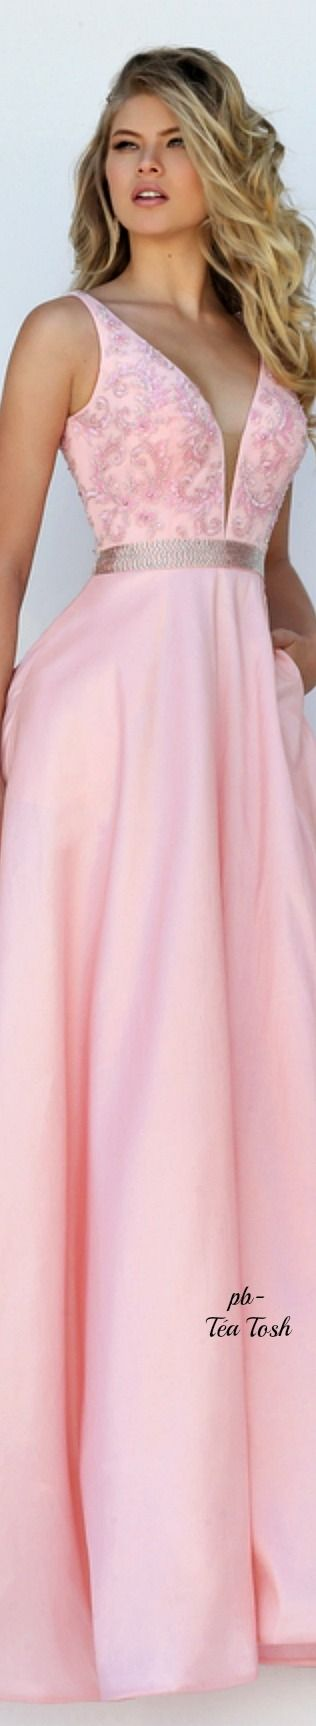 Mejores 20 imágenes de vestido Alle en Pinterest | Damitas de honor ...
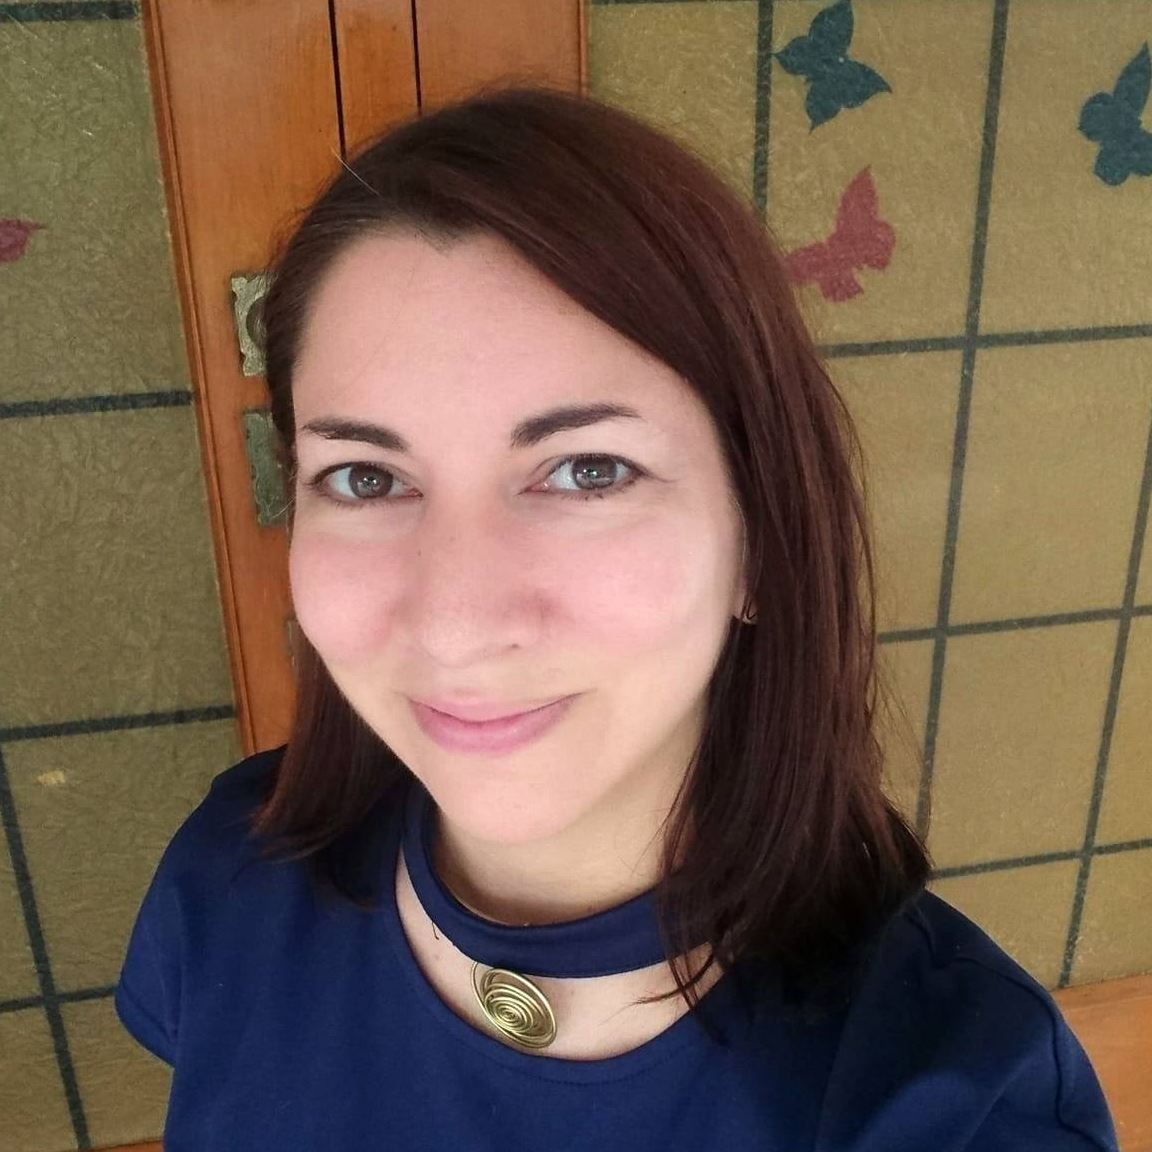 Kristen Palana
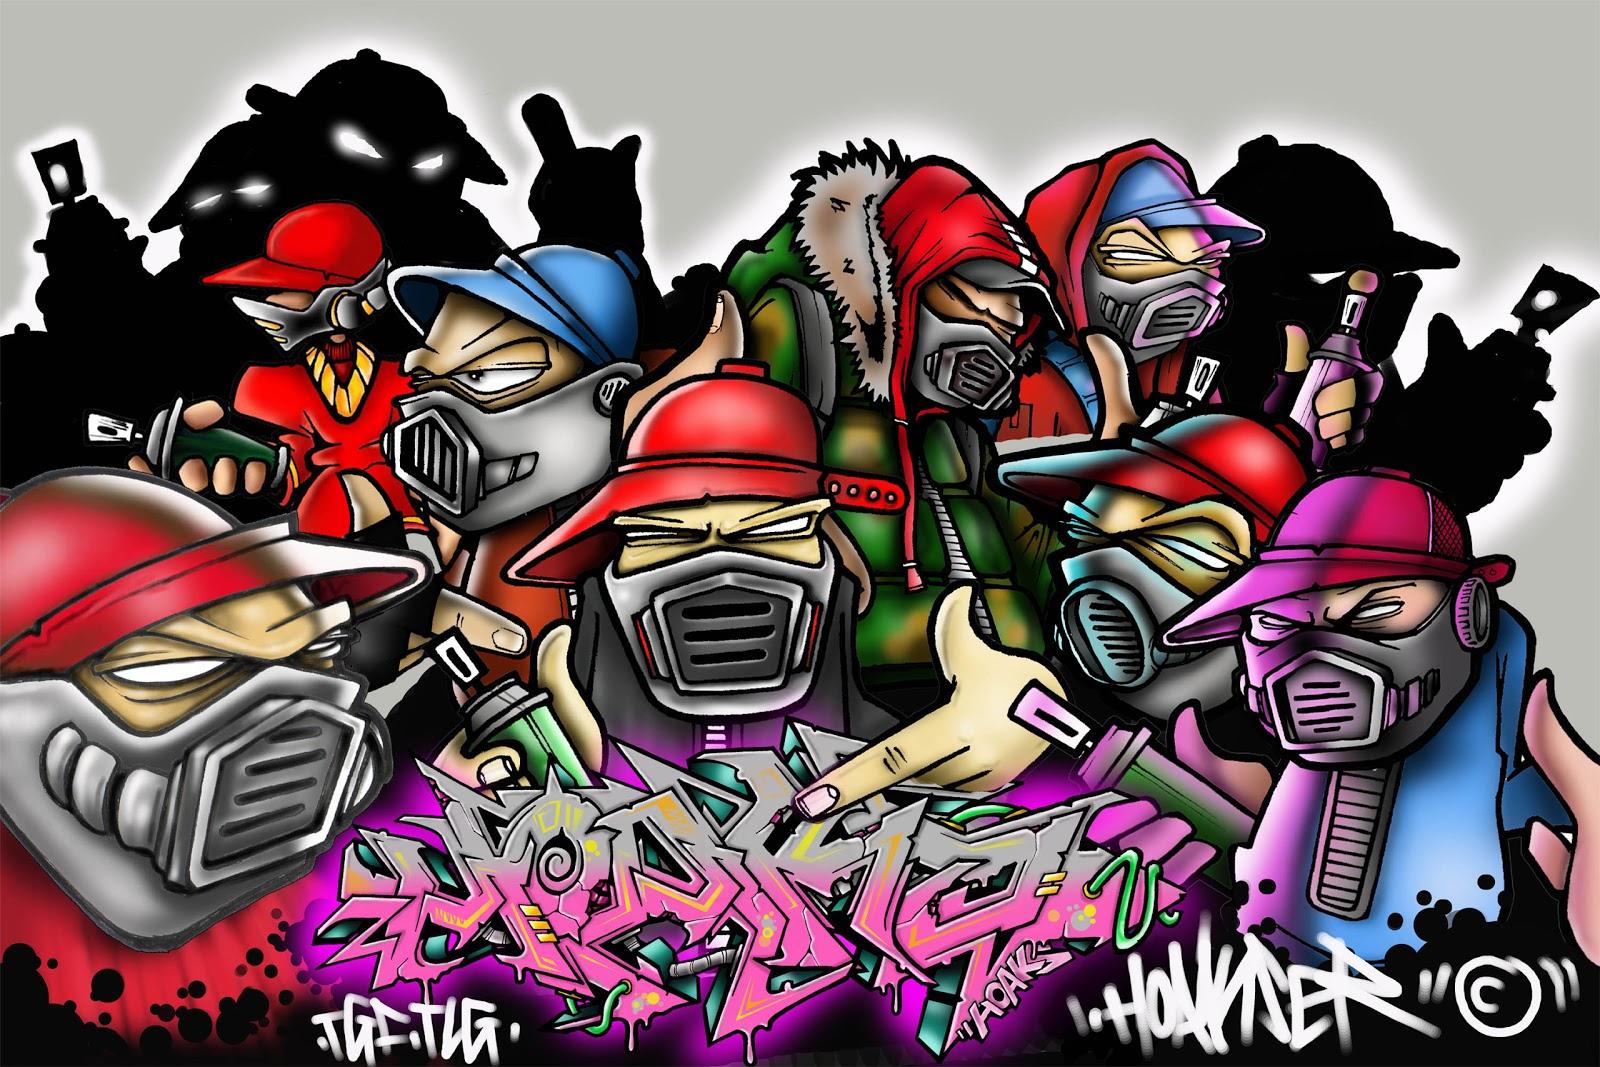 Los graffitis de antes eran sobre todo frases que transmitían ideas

* * * * *

» Instructions for the task
A word-for-word copy of the listing is needed, with no pictures in it.

» Solution for this exercise
 Mejores 20 imágenes de vestido Alle en Pinterest | Damitas de honor ...
 Kristen Palana
 Los graffitis de antes eran sobre todo frases que transmitían ideas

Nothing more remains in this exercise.